▶ MATERIAL FOR THIS EXERCISE:
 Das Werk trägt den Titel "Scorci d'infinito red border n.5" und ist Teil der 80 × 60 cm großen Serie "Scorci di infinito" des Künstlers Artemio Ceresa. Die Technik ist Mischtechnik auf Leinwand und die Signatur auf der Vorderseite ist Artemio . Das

==

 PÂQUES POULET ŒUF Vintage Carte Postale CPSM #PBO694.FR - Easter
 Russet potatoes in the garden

==

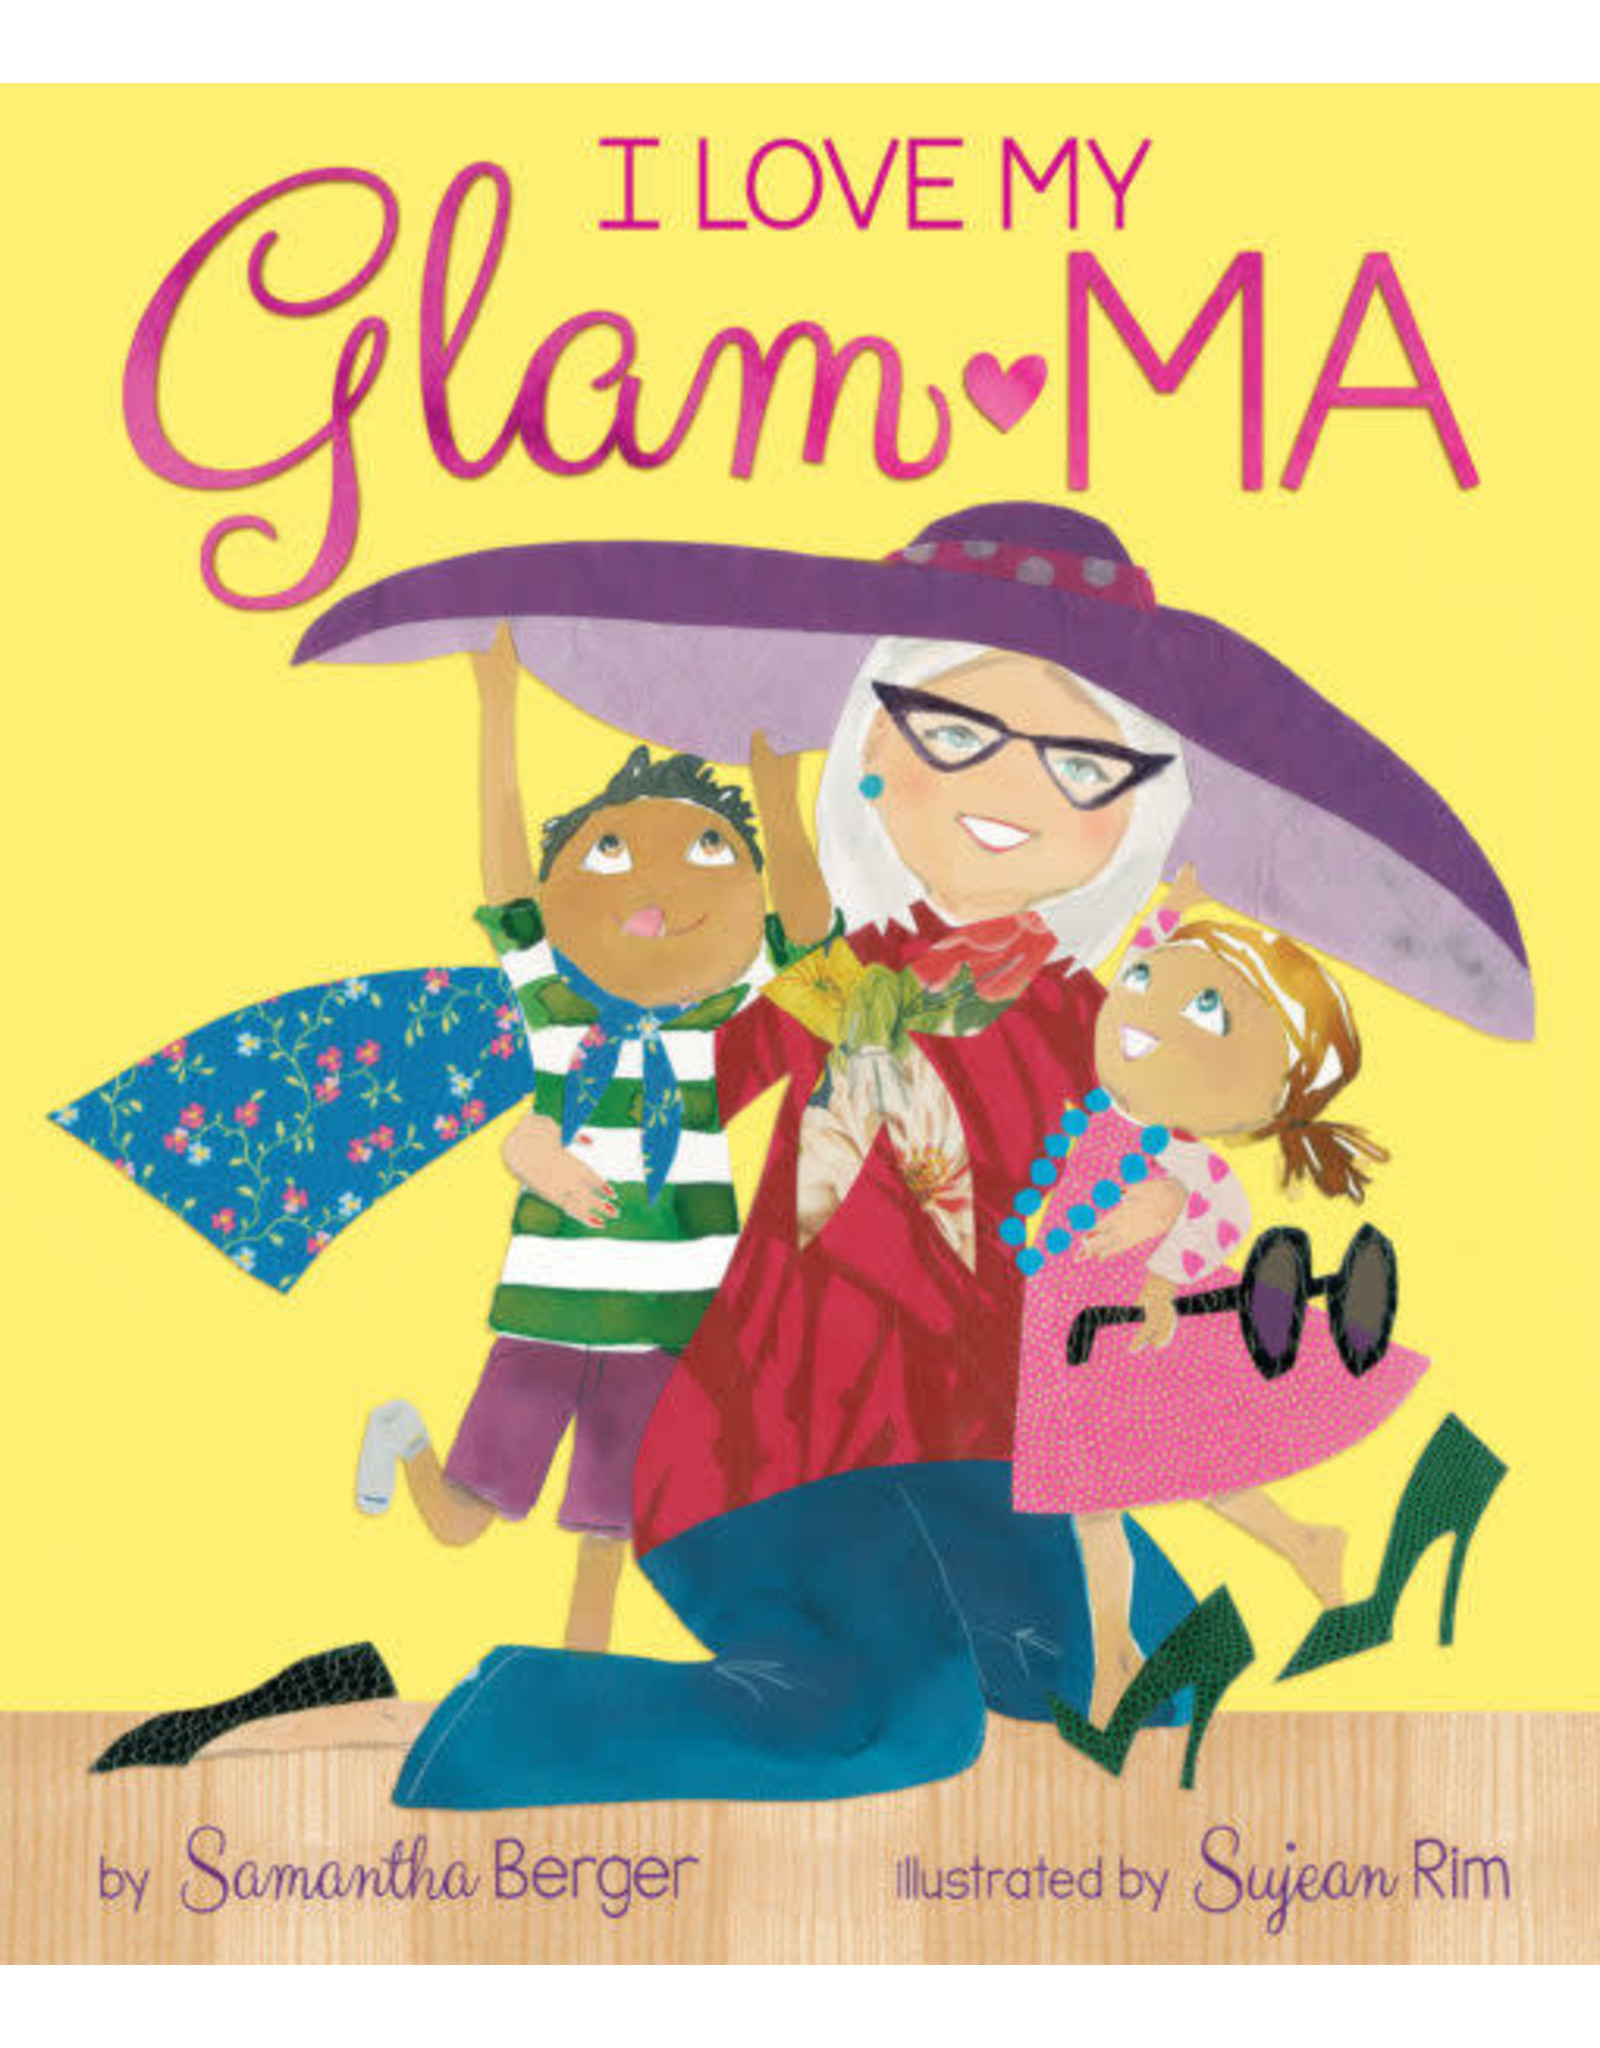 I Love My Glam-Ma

▶ TASK REQUIREMENTS:
Quote the data above from the line containing "PÂQUES POULET ŒUF" to the line containing "Russet potatoes in the garden", inclusive, and stop.

▶ OUTPUT BELOW:
 PÂQUES POULET ŒUF Vintage Carte Postale CPSM #PBO694.FR - Easter
 Russet potatoes in the garden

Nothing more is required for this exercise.